United States District Court, W.D. Washington, at Seattle
Jun 17, 2008
CASE NO. C05-1026RAJ (W.D. Wash. Jun. 17, 2008)

Opinion

CASE NO. C05-1026RAJ.

June 17, 2008


ORDER


I. INTRODUCTION

This matter comes before the court on Defendants' motion for summary judgment (Dkt. # 32). Neither party has requested oral argument, and the court finds the motion suitable for disposition on the basis of the parties' briefing and supporting evidence. For the reasons below, the court GRANTS IN PART and DENIES IN PART Defendants' motion.

II. FACTS

This case arises from two interactions between Plaintiff Michael Exendine and King County Sheriff's Office deputies.

A. April 8, 2003 Incident

Deputy Erik Soderstrom was driving a marked police car on routine patrol in Sammamish on April 8, 2003. As he drove on 239th Way Southeast, he realized he was on a dead-end street. Before Soderstrom could turn around, Exendine parked his truck in the middle of the street. Soderstrom claims that Exendine's truck blocked Soderstrom's car, but Exendine claims that Soderstrom could have driven around the truck. Compare Soderstrom Decl. (Dkt. # 33) ¶ 4 with Exendine Decl. (Dkt. # 41) ¶ 16. Soderstrom asked Exendine to move the truck so that he could pass, but Exendine replied that Soderstrom was trespassing on private property. Exendine refused to move the truck and instead entered his nearby home. Soderstrom called for backup.

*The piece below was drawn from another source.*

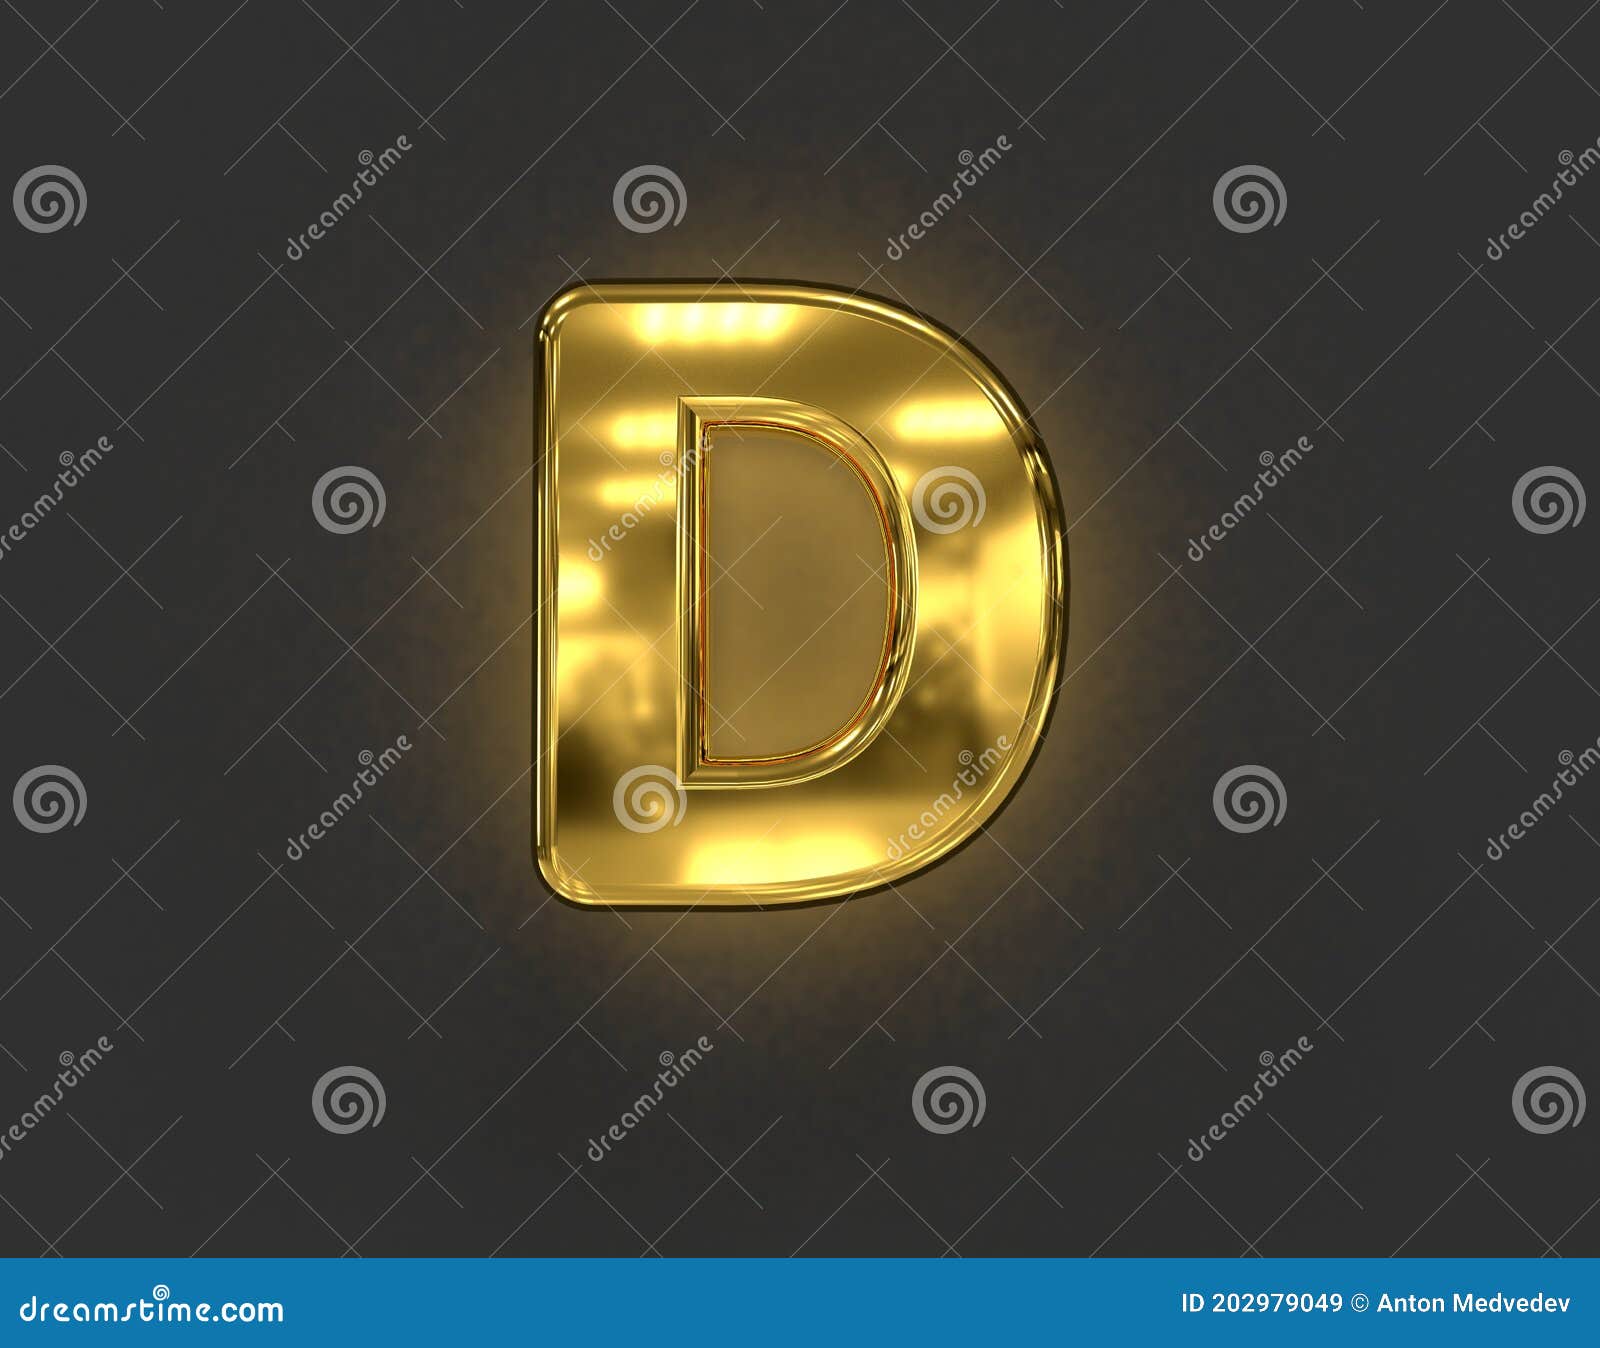 Glossy Golden Metal Font - Letter D Isolated on Dark Grey Background ...

Exendine claims that there was a "no trespassing" sign on this street, but Soderstrom claims that there were no signs identifying this street as a private road. Compare Exendine Decl. ¶ 12 with Soderstrom Decl. ¶ 2. Soderstrom admitted in a deposition that he lacked probable cause to arrest Exendine for disorderly conduct if Exendine's conduct was committed on his own property. Muenster Decl. (Dkt. # 40), Ex. F.

Exendine exited the house and again told Soderstrom he was trespassing. Soderstrom told Exendine he needed to move the truck or else he would be arrested. Soderstrom claims that Exendine ran away from him at this point, but Exendine denies ever running away from Soderstrom. Compare Soderstrom Decl. ¶ 5 with Exendine Decl. ¶ 24. Soderstrom caught up with Exendine and attempted to handcuff him. Soderstrom claims that Exendine flailed on the ground, kicking and screaming; even after Exendine was handcuffed, Soderstrom states that he had to restrain him to prevent him from fleeing. Soderstrom Decl. ¶¶ 6 and 7. Exendine claims he did not strike, touch, kick, or threaten Soderstrom at any time. Exendine Decl. ¶¶ 28-30. Exendine's wife videotaped about 30 seconds of Soderstrom holding Exendine on the ground after he had been handcuffed. See Hardung Decl. (Dkt. # 37), Ex. 4.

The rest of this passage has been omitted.